Но вот что особенно удивительно! Сон, который он только что видел, совершенно истаял, пропал бесследно, пока на кухне жена готовила яичницу, пока сипел на огне закипающий чайник и пока он брился, разглядывая заспанное свое лицо, обросшее сивой щетиной. Он только смутно помнил, что видел собаку.

– Собаку нашу видел во сне, – сказал он жене. – Какой-то чудной приснился сон…

– Хорошо, – отозвалась жена, заливая кипятком сухой индийский чай, вяжущий аромат которого вырвался из чайника горячим паром. – Ты слышал прогноз? Туманы и морось… Лучше на поезде: всего одна ночь.

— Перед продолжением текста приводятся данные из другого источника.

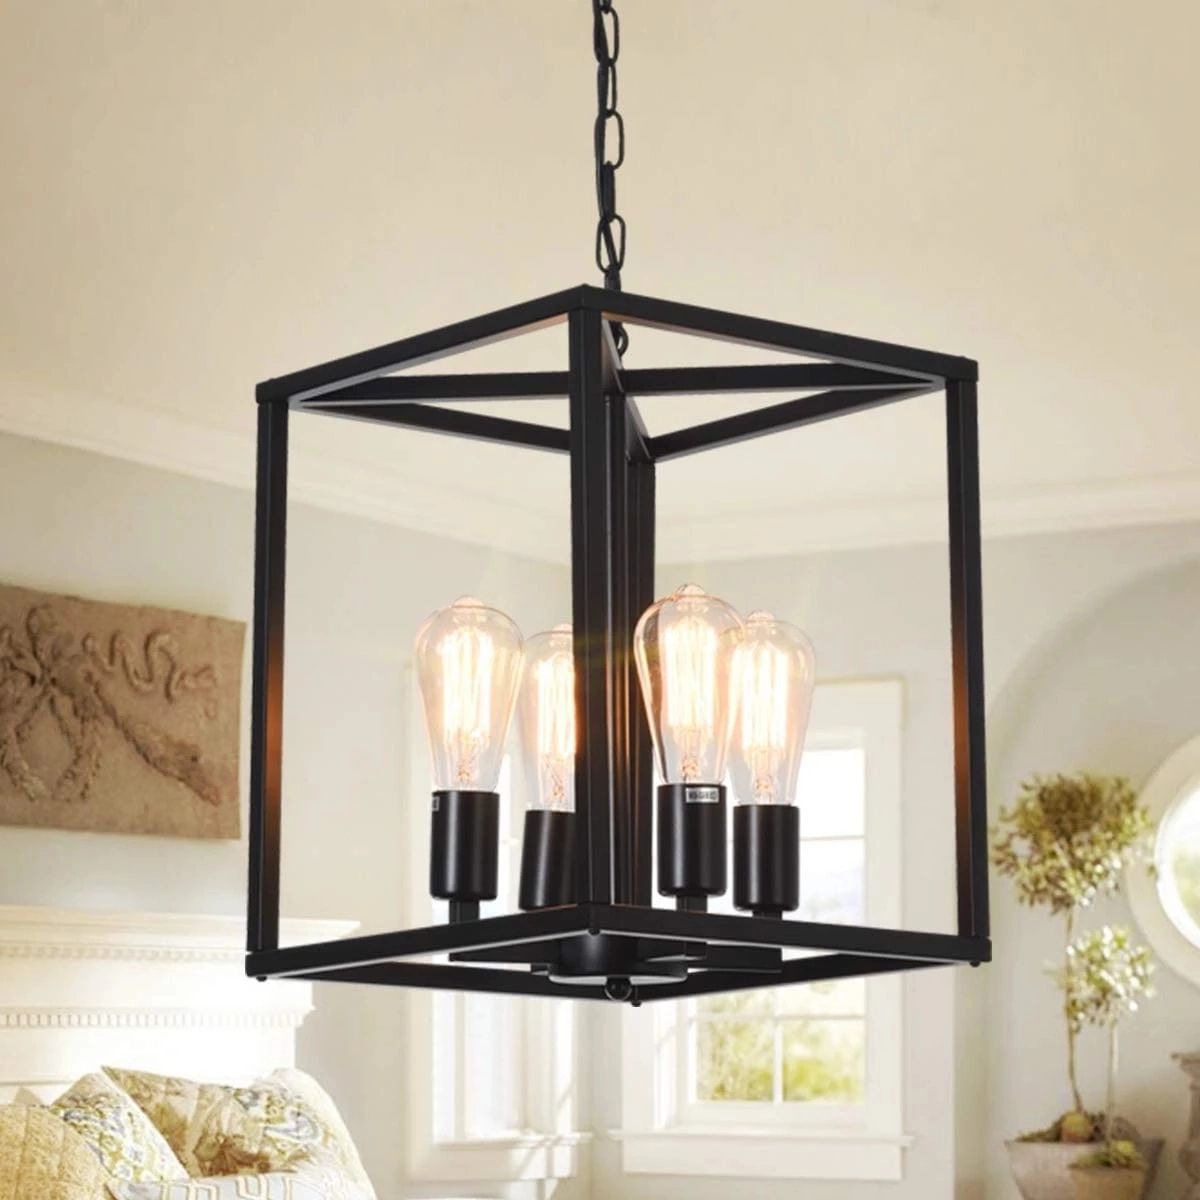 Preferred Steel Lantern Chandeliers In Industrial Metal Lantern Chandeliers 4 Light Adjustable Height Farmhouse  Ceiling Rustic Gold Kitchen Hanging Lighting Fixture – Pendant Lights –  Aliexpress (View 7 of 15)

– Ну это напрасно! Как будто от меня зависит. Все летят!

Он только теперь, сейчас, сию минуту понял, забыв про сон, почему такое радостное предчувствие переполняет его в это утро – он сегодня уезжает из дому. Не надолго, на четыре дня… Впрочем, нет… Он часто уезжал, при чем тут…

– Что за чай ты заварила? – спросил он. – Очень душистый!

– Обыкновенный. Такой же, как и вчера.

– Нет, сегодня… Между прочим, надо бы купить белую рубашку. На парад. Что-то вдруг захотелось надеть… Сто лет уже не носил белых рубашек.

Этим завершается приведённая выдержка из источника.